=== RAW DATA ===
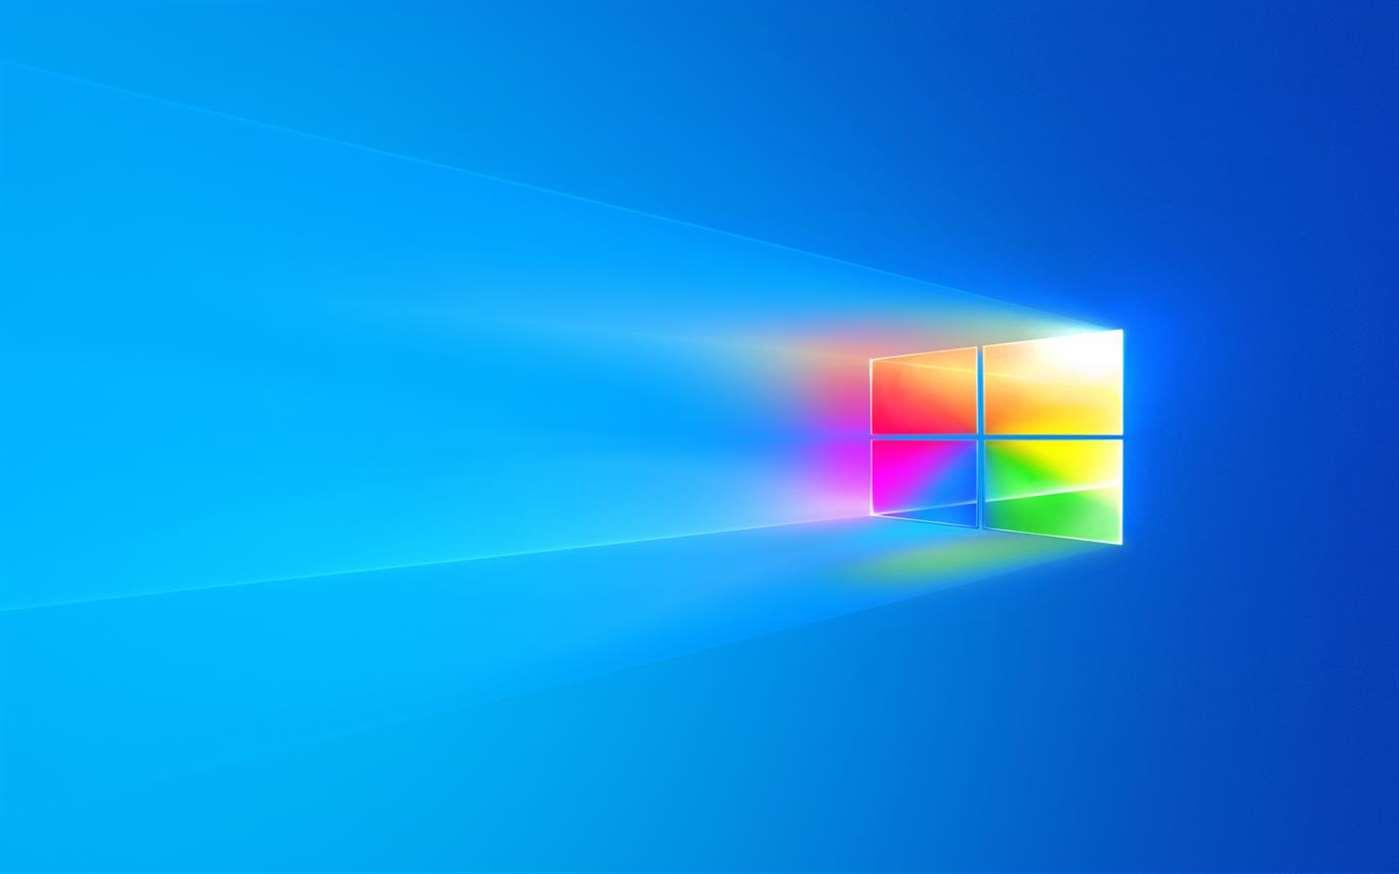 Download Microsoft Wallpaper Hd Backgrounds Download Itl Cat
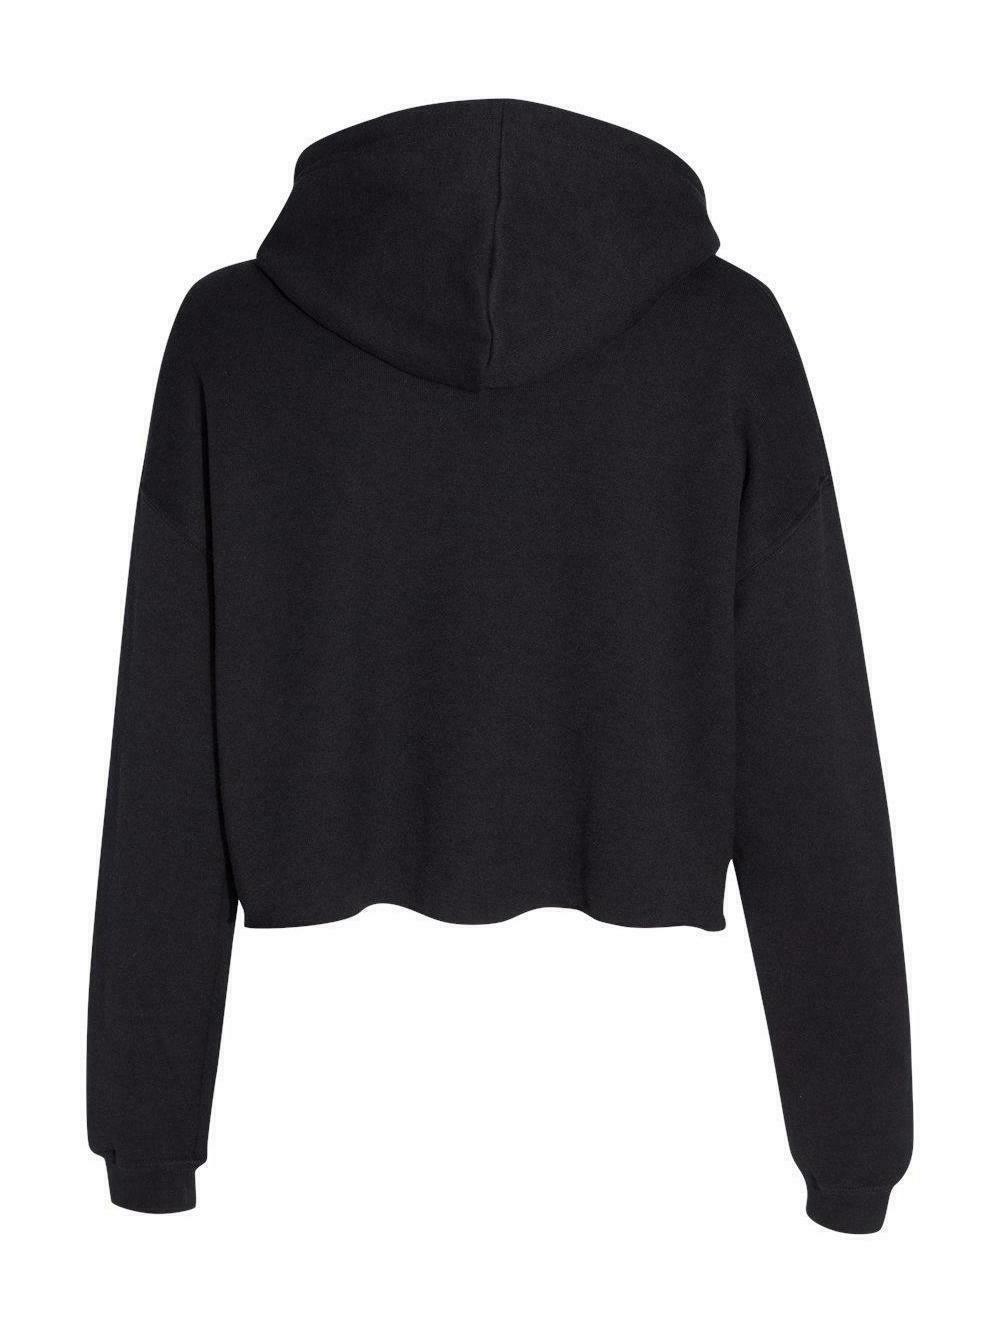 BAD Cropped Fleece Black design apparel INKDEED
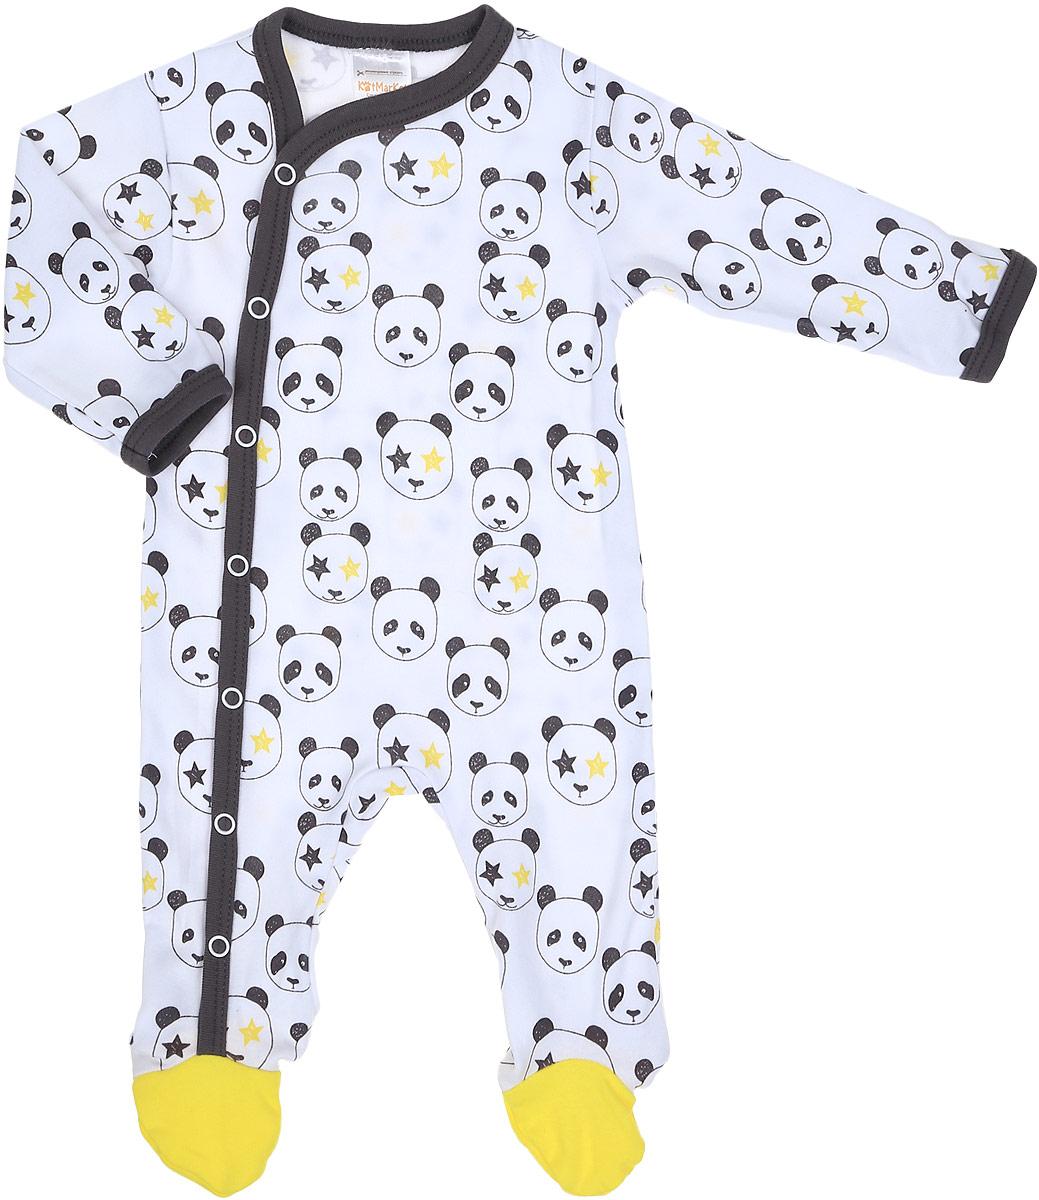 Комбинезон домашний детский КотМарКот Панда Rock, цвет: светло-бежевый, желтый. 6326. Размер 86
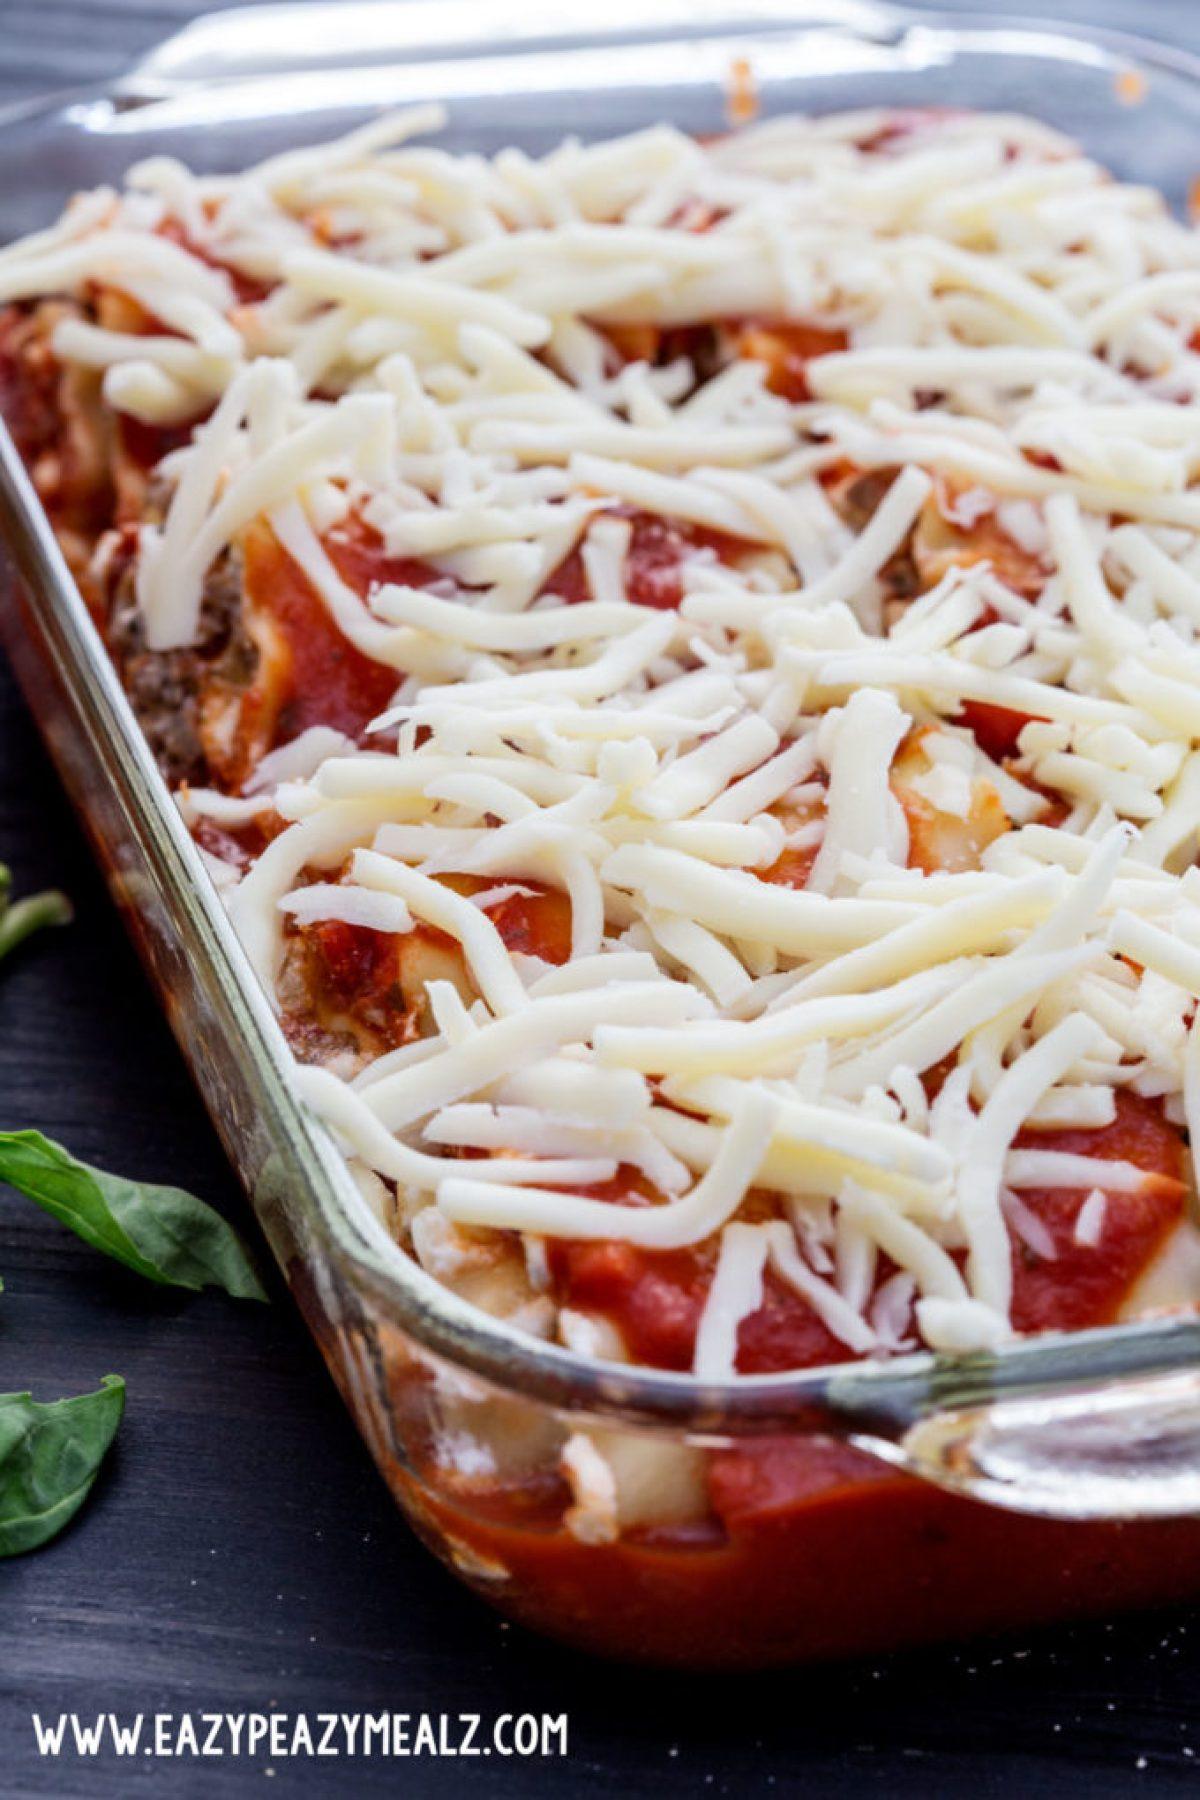 pre-baked-lasagna-roll-ups
===
▶ **EXERCISE REQUIREMENTS**:
The copy must reproduce the listing above verbatim and contain no pictures.

▶ **YOUR RESPONSE**:
 Download Microsoft Wallpaper Hd Backgrounds Download Itl Cat
 BAD Cropped Fleece Black design apparel INKDEED
 Комбинезон домашний детский КотМарКот Панда Rock, цвет: светло-бежевый, желтый. 6326. Размер 86
 pre-baked-lasagna-roll-ups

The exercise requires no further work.